Because I have focused in my work on how to deal with difficult people and challenging situations, I thought I might be able to help further. So I wrote a follow-up book called Getting Past No and, in more recent years, another book called The Power of a Positive No. The methods described in these books have also helped many people to resolve their daily conflicts, but still I sensed something missing.

What was missing, I have come to realize, was the first and most important negotiation we ever conduct—the negotiation with ourselves.

Getting to yes with yourself prepares the way for getting to yes with others. I have come to think of this book as the missing first half of Getting to Yes. It is the necessary prequel, but thirty years ago I did not fully realize just how necessary. If Getting to Yes is about changing the outer game of negotiation, Getting to Yes with Yourself is about changing the inner game so that we can then change the outer game. After all, how can we really expect to get to yes with others, particularly in challenging situations, if we haven’t first gotten to yes with ourselves?

William Ury; credit: Carl Studna

OUR WORTHIEST OPPONENT

Whether we think of it or not, each of us negotiates every day. In the broad sense of the term, negotiation simply means the act of back-and- forth communication trying to reach agreement with others. Over the years, I have asked hundreds of audiences the question “Who do you negotiate with in the course of your day?” The answers I receive usually start with “my spouse or partner” and “my children,” continue on to “my boss,” “my colleagues,” and “my clients,” and finally to “everyone in my life all the time.” But, every so often, one person will answer: “I negotiate with myself.” And the audience inevitably laughs—with the laughter of recognition.

The reason why we negotiate is, of course, not just to reach agreement but to get what we want. Gradually, over the decades of mediating in a variety of difficult conflicts, from family feuds and boardroom battles to labor strikes and civil wars, I have come to the conclusion that the greatest obstacle to getting what we really want in life is not the other party, as difficult as he or she can be. The biggest obstacle is actually ourselves. We get in our own way. As President Theodore Roosevelt once colorfully observed, “If you could kick the person in the pants responsible for most of your trouble, you wouldn’t sit for a month.”

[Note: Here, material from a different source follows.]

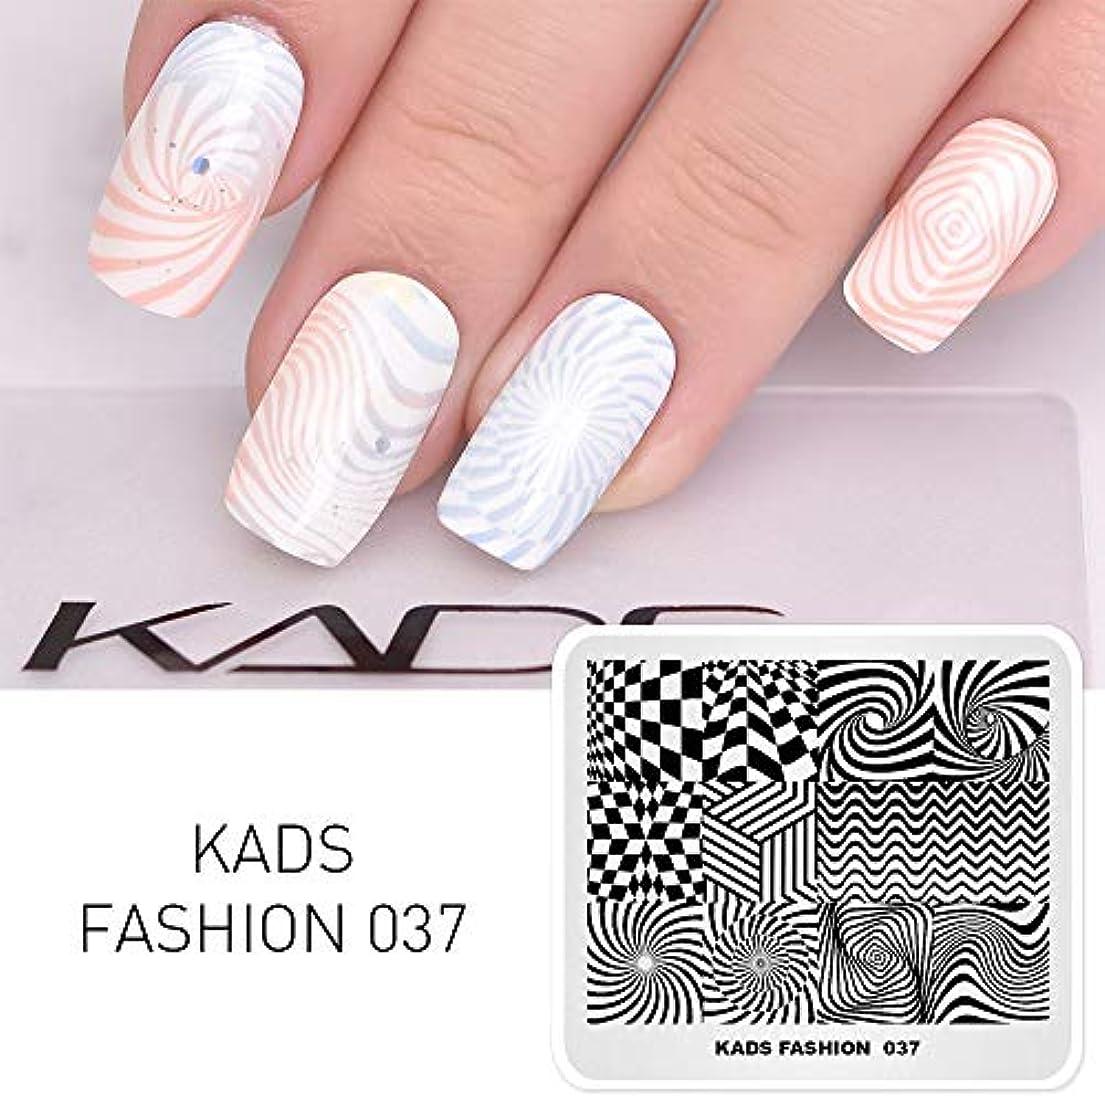 寄稿者意志に反するロゴKADS スタンピングプレート ネイルイメージプレート 幾何学模様 ファッションスタイル(FA037)

We sabotage ourselves by reacting in ways that do not serve our true interests. In a business dispute, one partner calls the other a liar in the press, shaming the other, who launches a lawsuit that is highly costly for both. In a sensitive divorce conversation, the husband loses his temper, lashes out at his wife, and storms out, undermining his own expressed interest in resolving the issue amicably for the sake of the family.

Underlying our poor reactions in moments of conflict is an adversarial “win-lose” mindset, the assumption that either we can get what we want or they can—but not both. Whether it is business titans struggling for control over a commercial empire or children fighting over a toy or ethnic groups quarreling over territory, the unspoken premise is that the only way one side can win is if the other loses. Even if we want to cooperate, we are afraid that the other person will take advantage of us. What sustains this “win-lose” mindset is a sense of scarcity, the fear that there is just not enough to go around, so we need to look out for ourselves even at the expense of others. All too often, the result of such “win-lose” thinking is that all sides lose.

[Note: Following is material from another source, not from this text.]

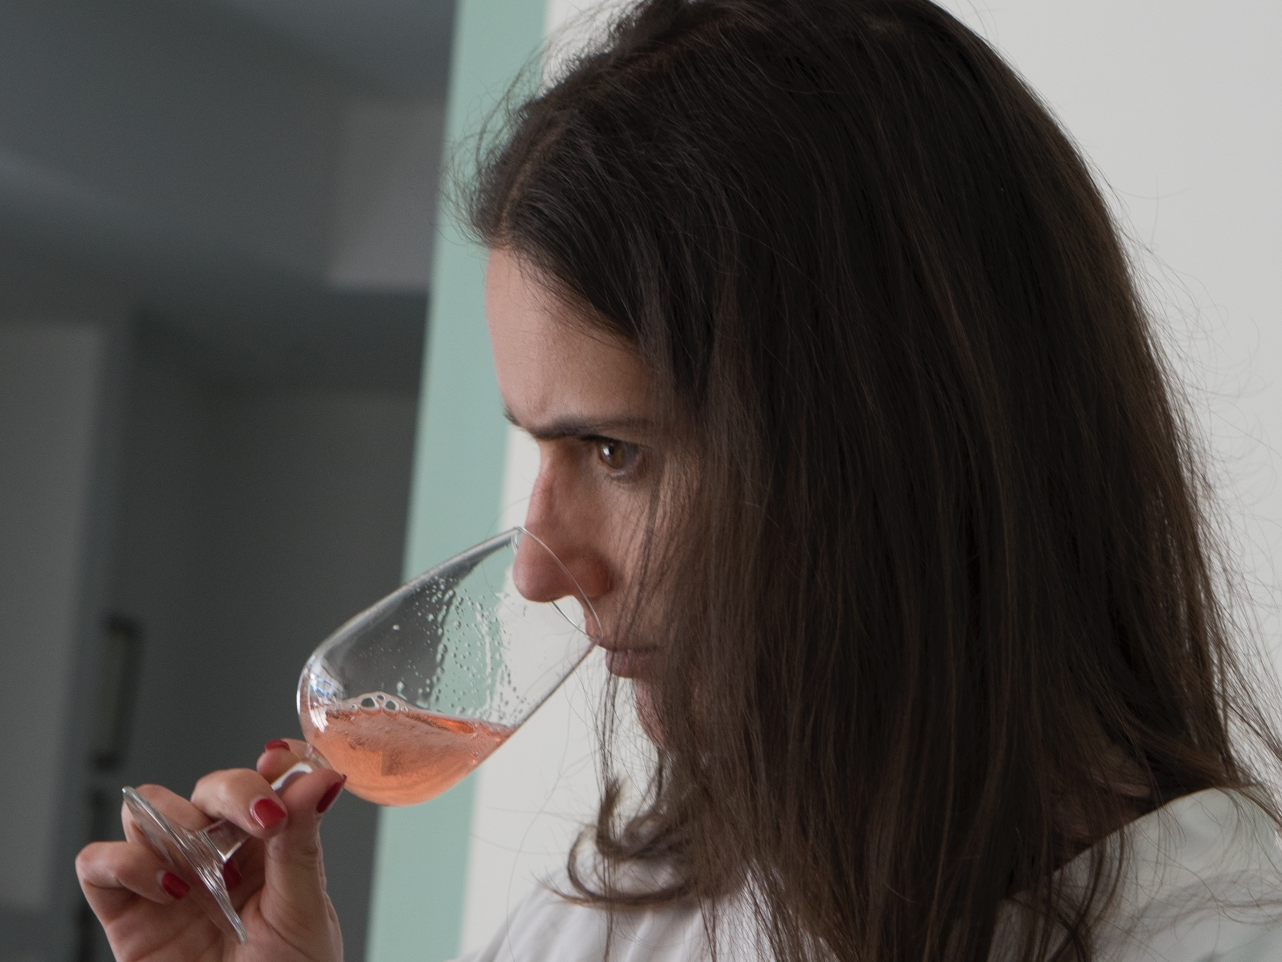 Португалия, по винодельням-1:  Vercoope

But the biggest obstacle to our success can also become our biggest opportunity. If we can learn to influence ourselves first before we seek to influence others, we will be better able to satisfy our needs as well as to satisfy the needs of others. Instead of being our own worst opponents, we can become our own best allies. The process of turning ourselves from opponents into allies is what I call getting to yes with yourself.